By the second afternoon, you stop reaching for your phone. Not because there's no signal — there is, surprisingly strong — but because the view from the pool edge, the particular way the light fractures across the water at four o'clock, feels diminished by a screen. You just sit there. The sun on your shoulders. The sound of nothing in particular. It is the kind of stillness that expensive wellness retreats promise and rarely deliver, and here it costs a fraction of the price.

What Stays

The image that follows you home is not the pool, though the pool is extraordinary. It is the view from the soaking tub at dusk — the sky turning from copper to plum, the silhouette of Mount Rinjani just visible on the northern horizon, the water around your shoulders going cool as the air temperature drops. You are alone with a landscape so large it makes your thoughts small, and for once, that feels like a gift.

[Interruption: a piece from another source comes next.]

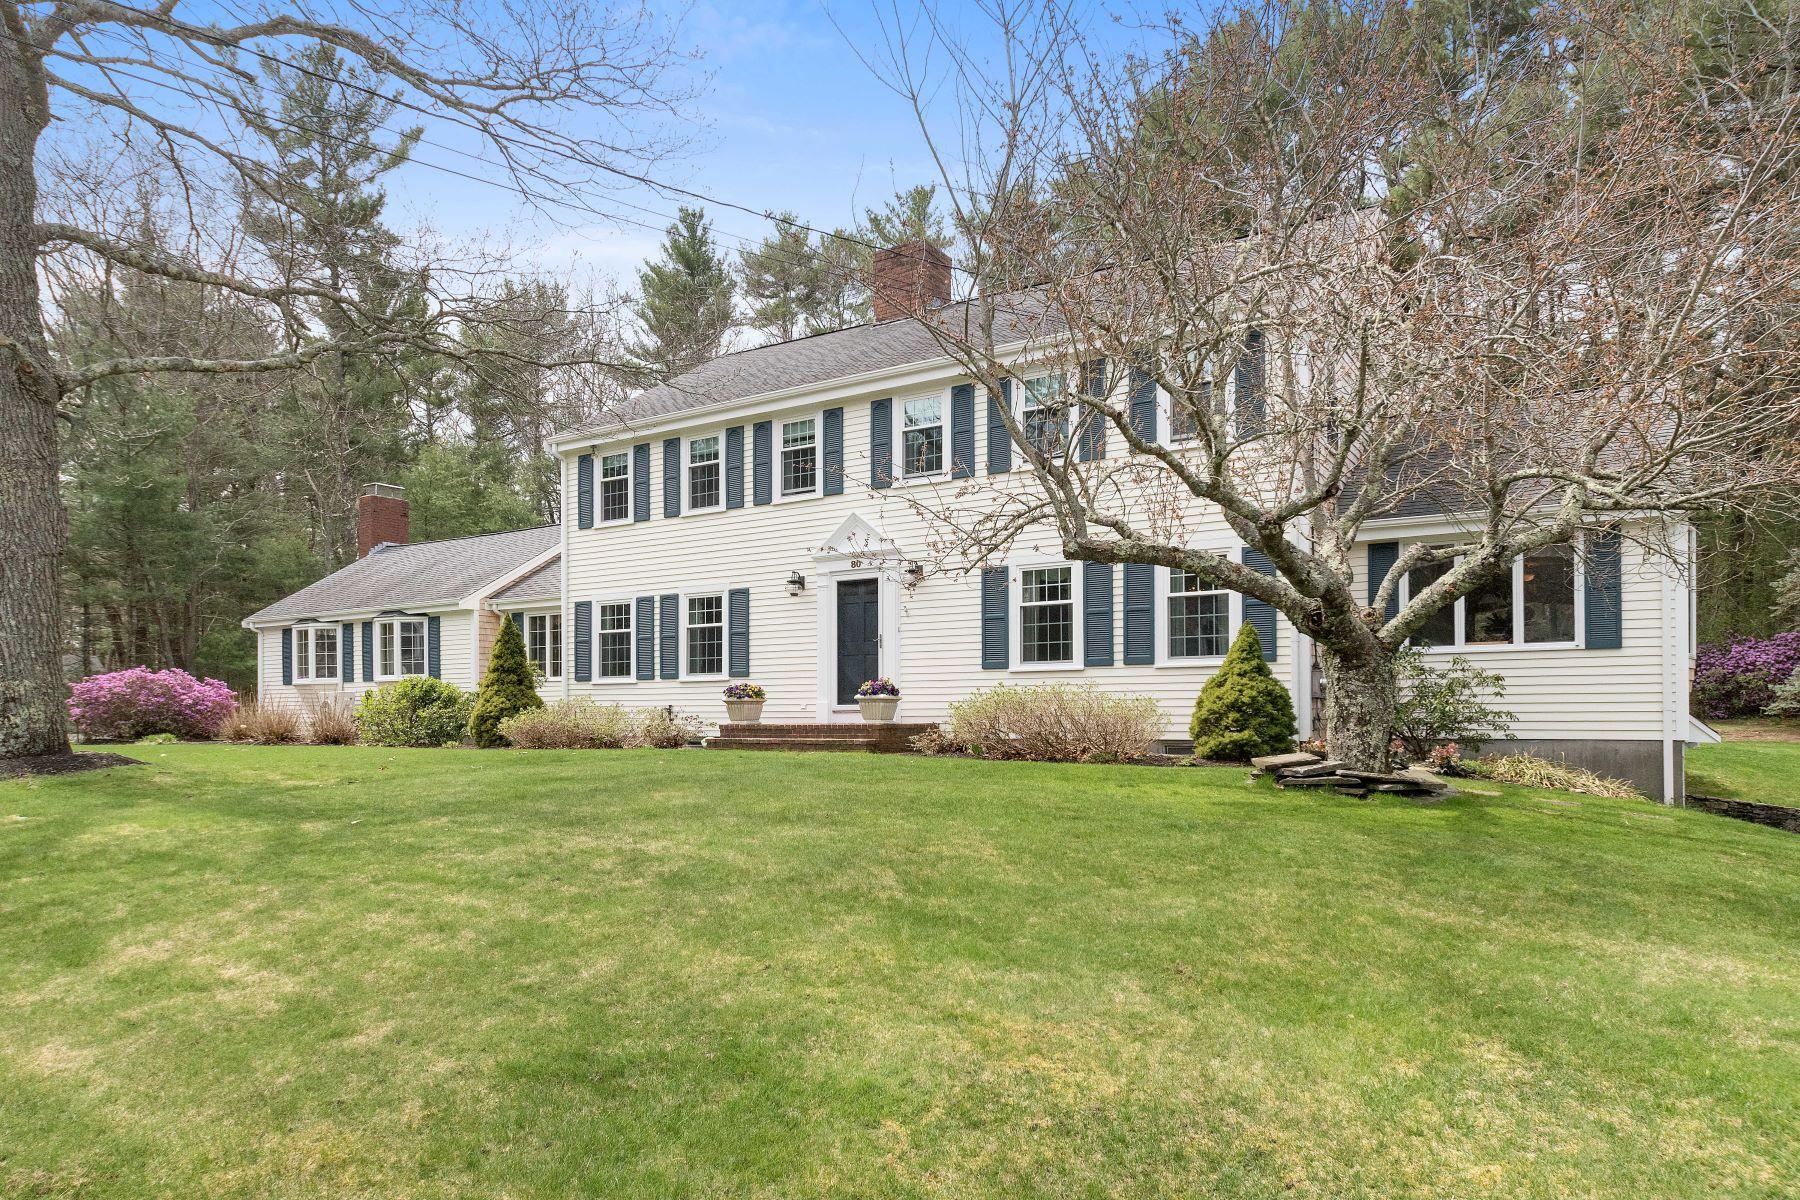 Maison unifamiliale pour l Vente à Stately Colonial in Quiet Neighborhood 80 Flint Locke Drive Duxbury, Massachusetts, 02332 États-Unis

This is for the traveler who has done Bali and wants the volume turned down — someone who finds luxury in proportion and silence rather than thread count. It is not for anyone who needs a concierge to book their days or a spa menu longer than the wine list. Telescope Resort asks very little of you, which is precisely the point.

Suites start around US$ 86 per night, which buys you a room, a view that reorganizes your priorities, and the particular silence of a hillside where nobody is trying to sell you anything.

Somewhere below the terrace, a rooster crows at the wrong hour, and you don't mind at all.